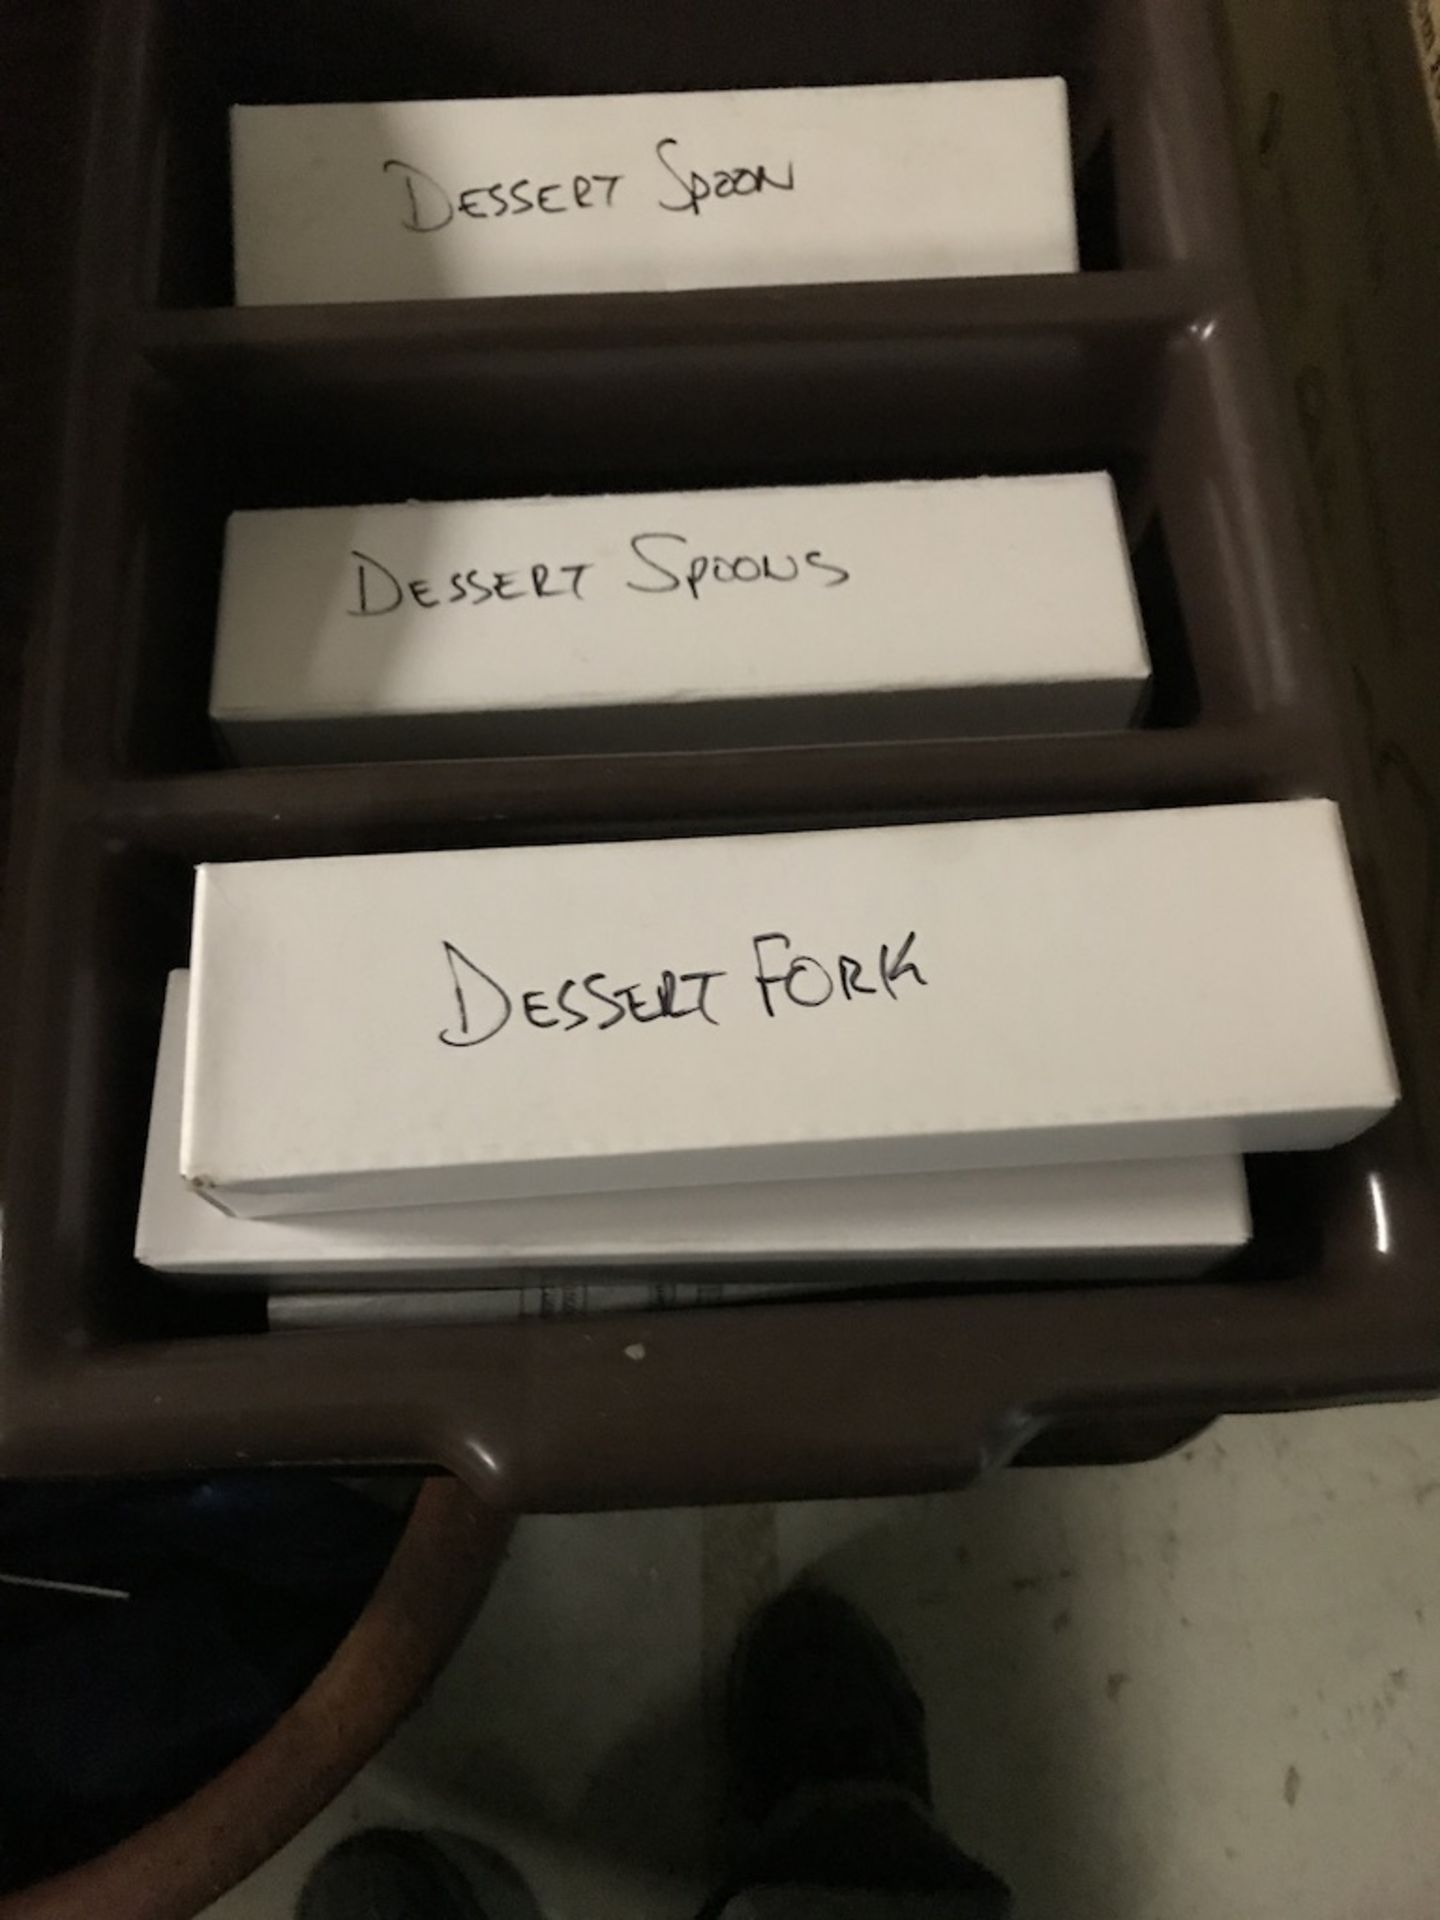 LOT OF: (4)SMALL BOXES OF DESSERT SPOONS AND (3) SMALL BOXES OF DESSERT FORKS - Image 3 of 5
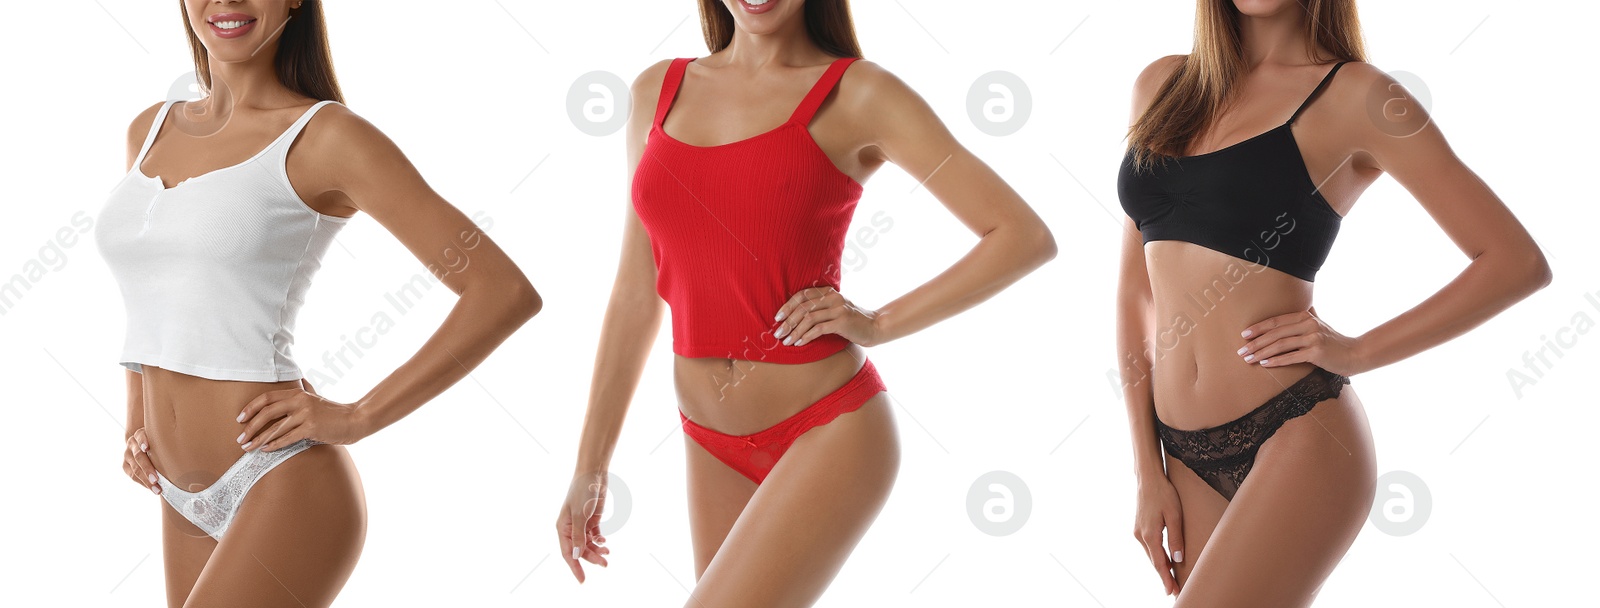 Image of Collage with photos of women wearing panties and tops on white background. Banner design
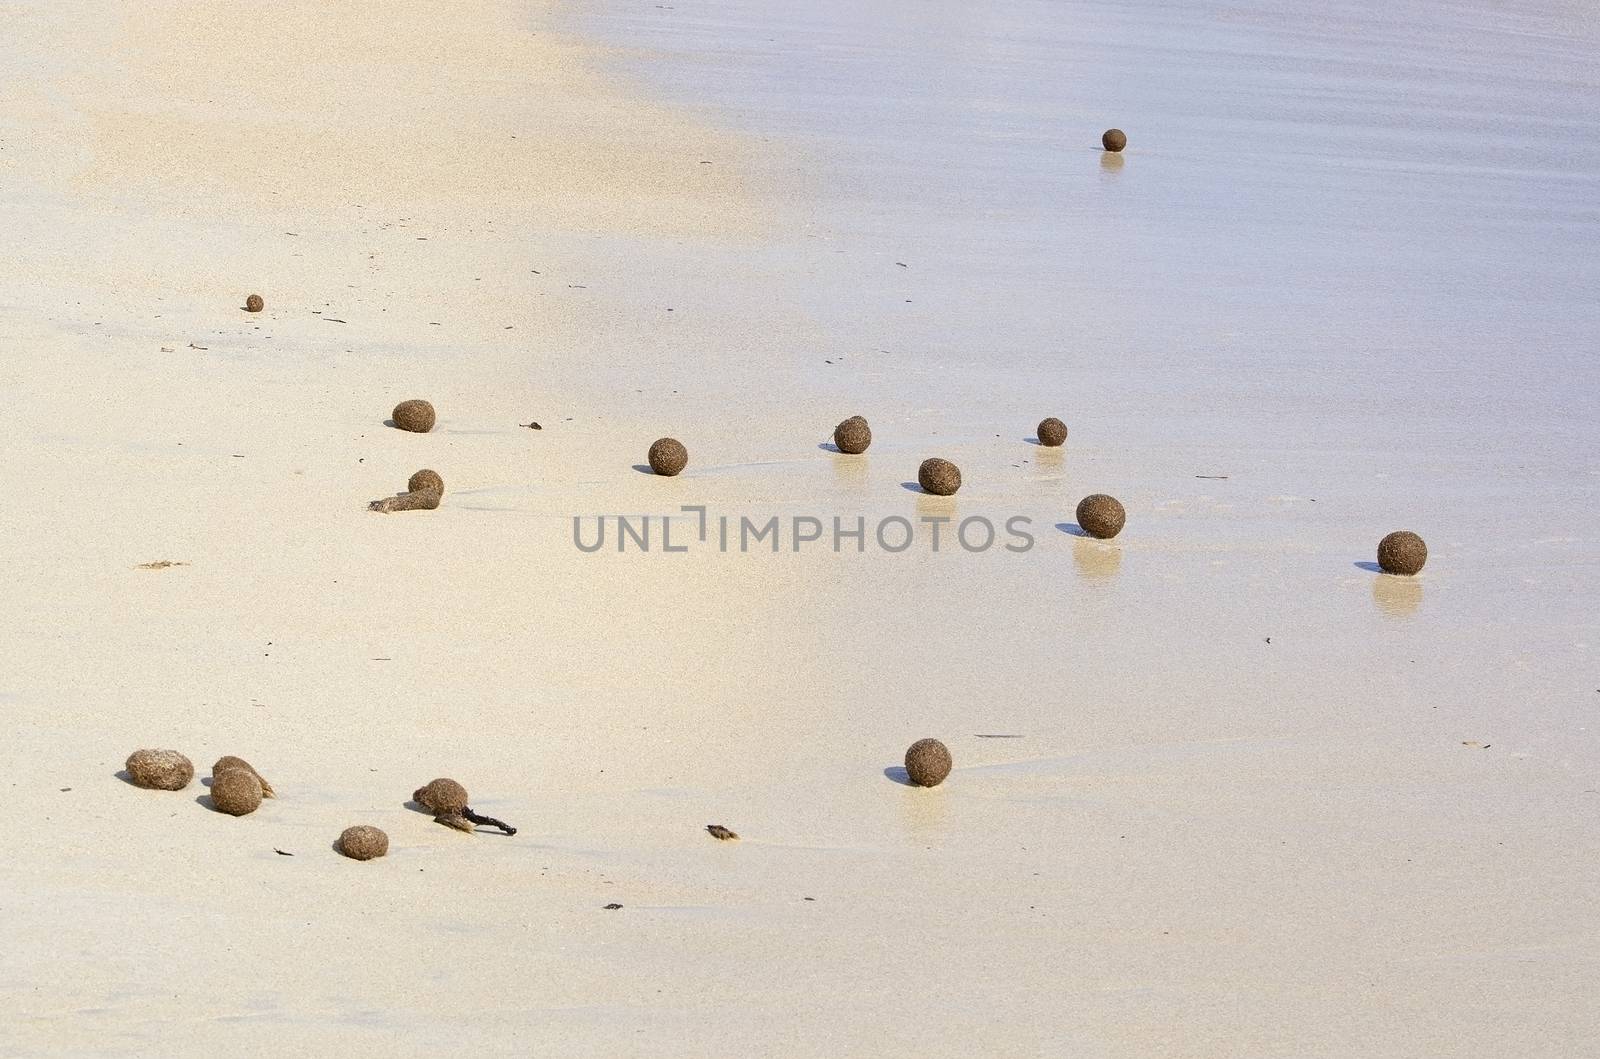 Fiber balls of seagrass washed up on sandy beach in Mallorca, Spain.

------------

**Try it:** With the pictures left out, output exactly the lines from the one with "Image of Collage" through the end of the listing above, both ends included.

**Solution for this task:**
 Image of Collage with photos of women wearing panties and tops on white background. Banner design
 Fiber balls of seagrass washed up on sandy beach in Mallorca, Spain.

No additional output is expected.